Citi equity strategist Robert Buckland also suggested that bullish enthusiasm could spring eternal.
“The corporate turnaround is strong enough to keep markets rising, even as bond yields increase in anticipation of central bank tightening,” Buckland said.
“So buy any short-term dips, as we may be seeing now. There is a time to turn more cautious but that may be next year, not this.”
In other words, everything is fine. Inflation is merely “transitory.” Higher rates won’t spoil the party.
And stocks will only go up over the next year.
At this point, a bomb could go off and analysts would spin the nuclear fallout as “transitory.”
However, the market will eventually wonder why everything’s going so well despite conflicting economic indicators. April’s retail sales slump likely revealed the cause; trillions in stimulus provided by the government.
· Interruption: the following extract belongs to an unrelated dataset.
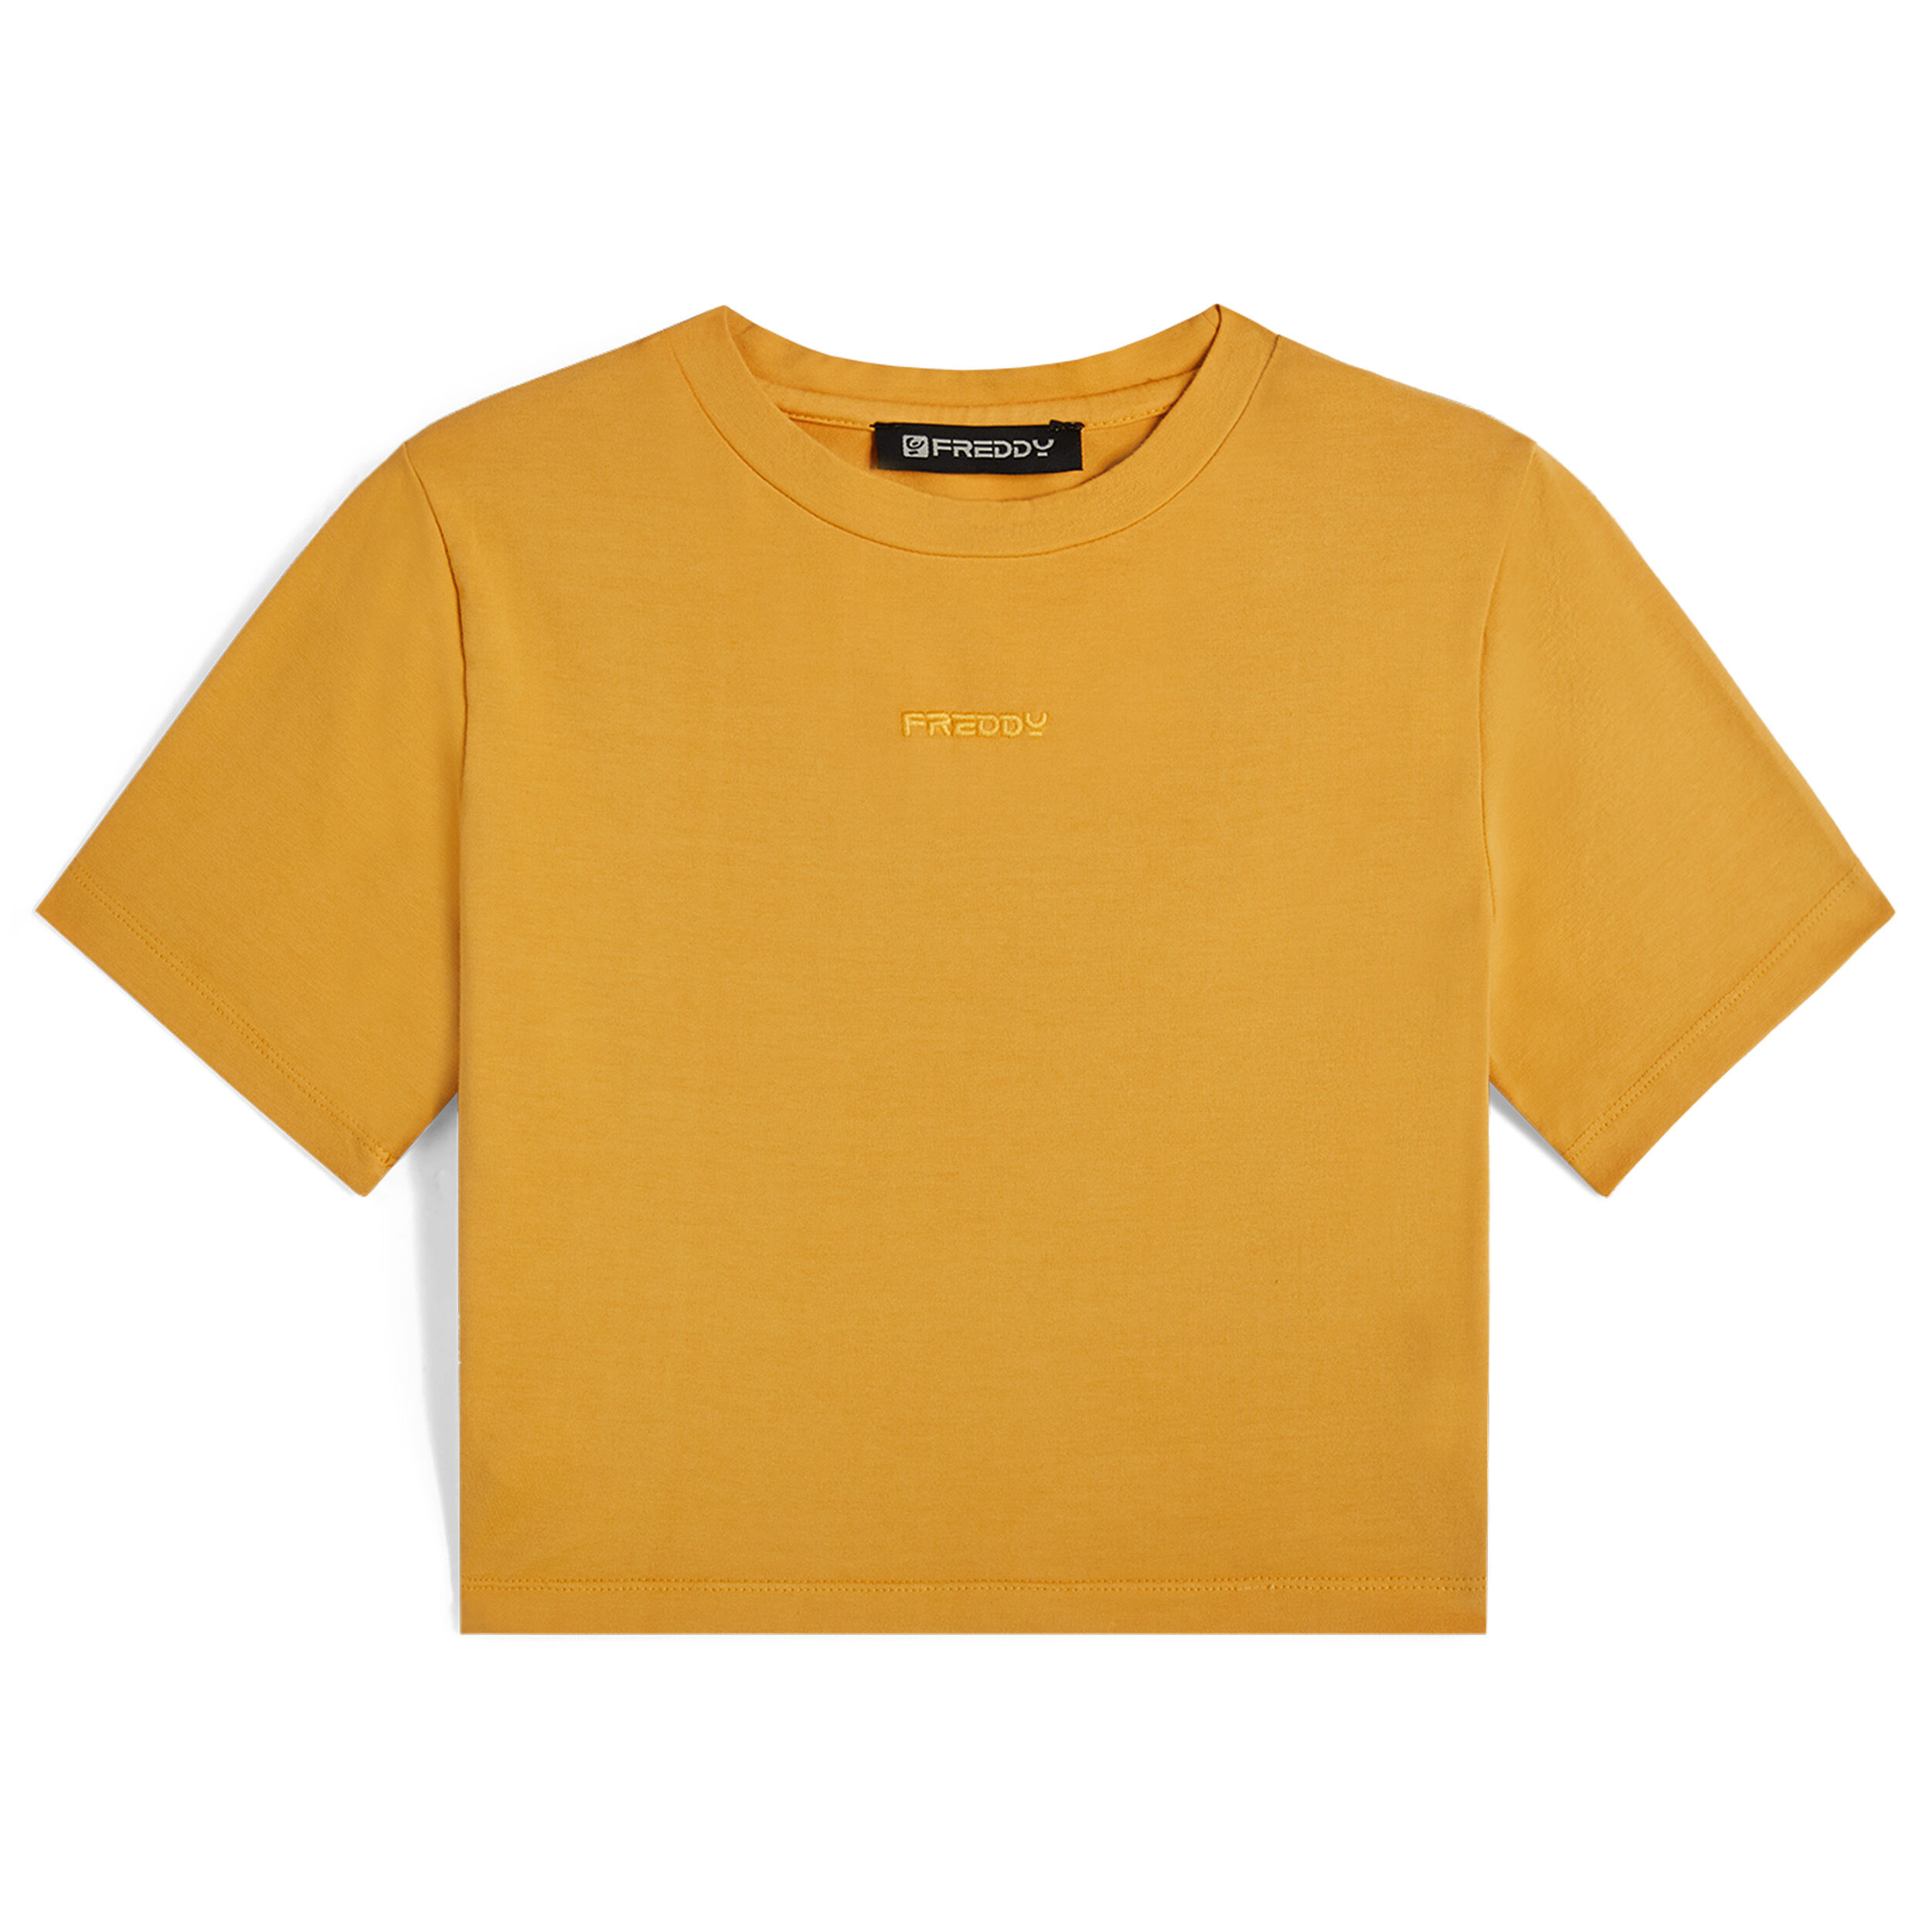 Freddy T-shirt slim fit corta in tessuto jersey tinto capo Golden Apricot Direct Dyed Donna Large

Last month, Americans had all but spent most of their stimulus checks. That caused retail sales growth to slow.
But longer-term, it becomes clear just how much government stimulus has helped retail.
Retail and food services have lagged their pre-2008 trend ever since the Financial Crisis. Now, though, thanks to a glut of stimulus and liquidity, retail is back in line with its old trend after more than a decade of underperformance.
When tempered by the US’s monetary supply (M2), however, the results are far less impressive.
As seen in the chart above, not even the recent gains in retail sales have been able to offset the money supply increase. Retail is still slightly below its prior trend when adjusted for M2.
The key takeaway from all of this is that stagflation, an economic condition where inflation rises while demand stagnates, may be setting in. It’s too early to say whether stagflation is already here, but April’s disappointing retail sales growth opposite the high CPI and PPI readings could be the first sign of it.
Older investors may remember stagflation from back in the 70s, when President Nixon took the US dollar off the gold standard. At the time, foreign lenders increasingly wanted the US to settle its debts in gold, causing a number of major economic issues as government spending outpaced income.
Nixon’s solution was to untether the dollar from gold. In doing so, he released the “inflation genie from the bottle.” Nixon would’ve been stunned had he lived long enough to see its modern-day impact.
And now, government spending – which initially sparked the last period of stagflation – may make a repeat performance.
So, of course, stocks are up. Dip buyers are following Wall Street’s lead today, but unless the S&P makes a new high soon, this morning’s rally may simply be a “last gasp” for bulls.